Из черного провала, будто обрушенные средней удачности броском, разрозненными кеглями вывалились хлопки.
— Браво, — сказал главный голос. — Как я погляжу, вам палец в рот не клади.
Оза выставила свой бесподобно длинный, изящный пальчик («У тебя музыкальные руки, тебе надо на пианистку учиться», — в последний год доставала дура-мать). Кокетливо помахала им в сторону белых пятен жюри. Потом медленно провела по губам язычком и сказала:
— А я пальцы в рот и не беру.
По ту сторону сияния председатель жюри, главный редактор мужского журнала «Man's хер-с», беззвучно хихикнул и, не в силах сдержаться, украдкой показал своей соседке, сильно пожилой эстрадной примадонне, мадонне и королеве, большой палец. Певица в ответ кивнула, соглашаясь; грузно колыхнулись, как два мешочка с йогуртом, ее испитые цельнотянутые щеки. Позади, во втором ряду, вполголоса бубнили каждый о своем стремительные властители дум. «Последний этап избрания мисс Прокладка Easy-Lazy стал заметным культурным событием столицы…», «…The impressive rise of peadorasable movements in free Russia…».

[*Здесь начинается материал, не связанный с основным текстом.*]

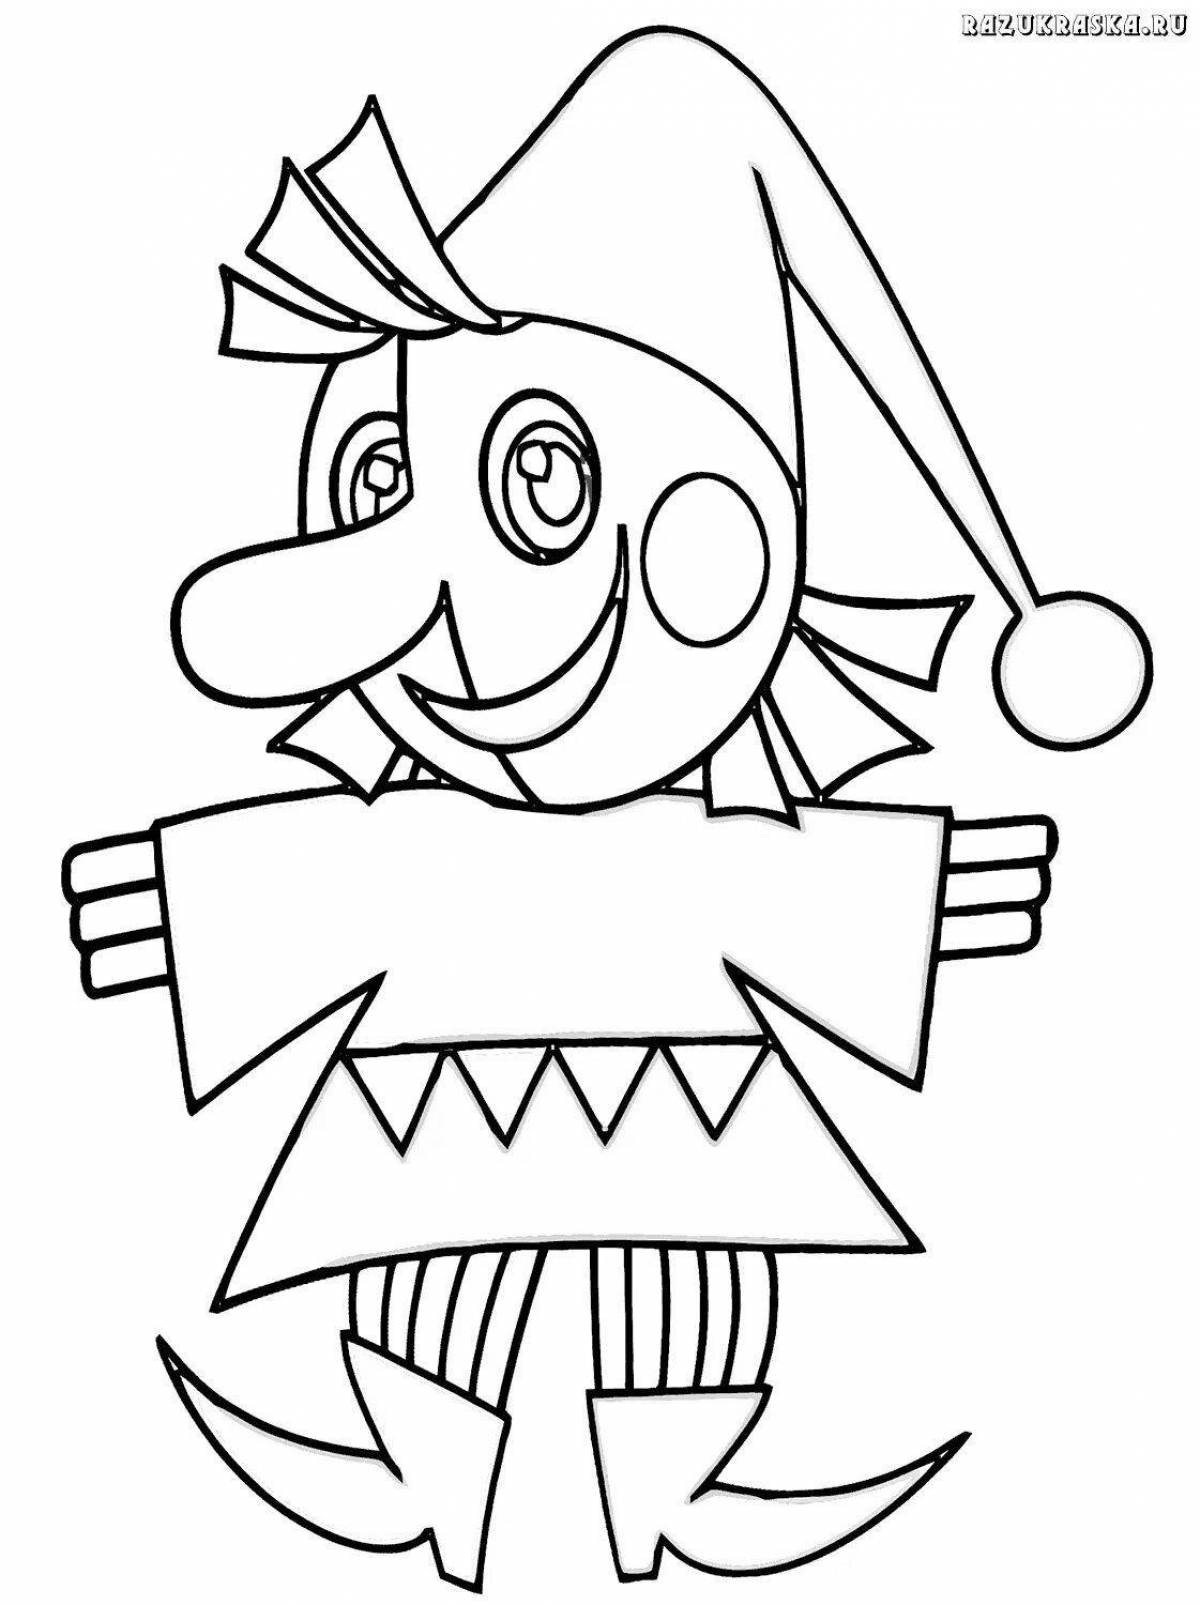 Funny parsley character coloring page

— Чудесно, — сказал председатель жюри. — Креативный класс должен пополняться талантливой молодежью. Хорошего слишком много не бывает… А вот скажите нам, Оза, что такое, по-вашему, свобода?
Оза давно знала, что ответит, если речь зайдет об этом.
— Свобода — это успех. А успех — это свобода. Чем человек свободнее, тем легче ему добиться успеха. А чем он успешнее, тем больше у него свободы.
— Похоже, вы очень мыслящая девушка, — прозвучало в небесах. — Кто ваши родители?
— Ну, отец у меня козел, я его уже совсем не помню, — с подкупающей честностью призналась Оза. — А вот мама… Знаете, что-то в ней такое совковое было. Сама не добилась в жизни ровно ничего, ишачила за гроши и злилась, злилась и ишачила… Но вот советы давать — это она могла по сто раз на дню. То делай, это не делай, то плохо, это нельзя… Совершенно не хотела видеть во мне личность. В конце концов я сгребла деньги, что в доме были, и ушла в свободное плавание. Всем, чего я добилась, я обязана только себе.
«Dig this nice pretty self-made pussy…» — слышалось за спиной у председателя справа. «Успех в таком кастинге — это не просто событие в жизни, это — вся будущая биография, это — судьба. Именно поэтому девушкам пришлось за последние дни пройти столько разнообразных тестов, — слышалось слева. — Наша очаровательная финалистка все их выдержала с честью…»
— Все же давайте надеяться, что ваша мама сейчас видит вас и гордится вами.
— Ну, наверное, хватит уже, — вполголоса сказал, наклонившись к председателю жюри, старый литератор. — Разболтался…
От одного лишь вида его скисшего лица с намертво пришлепнутой миной снисходительной мудрости потомственного интеллигента хотелось немедленно запеть «Мы сыны батрацкие, мы за новый мир…».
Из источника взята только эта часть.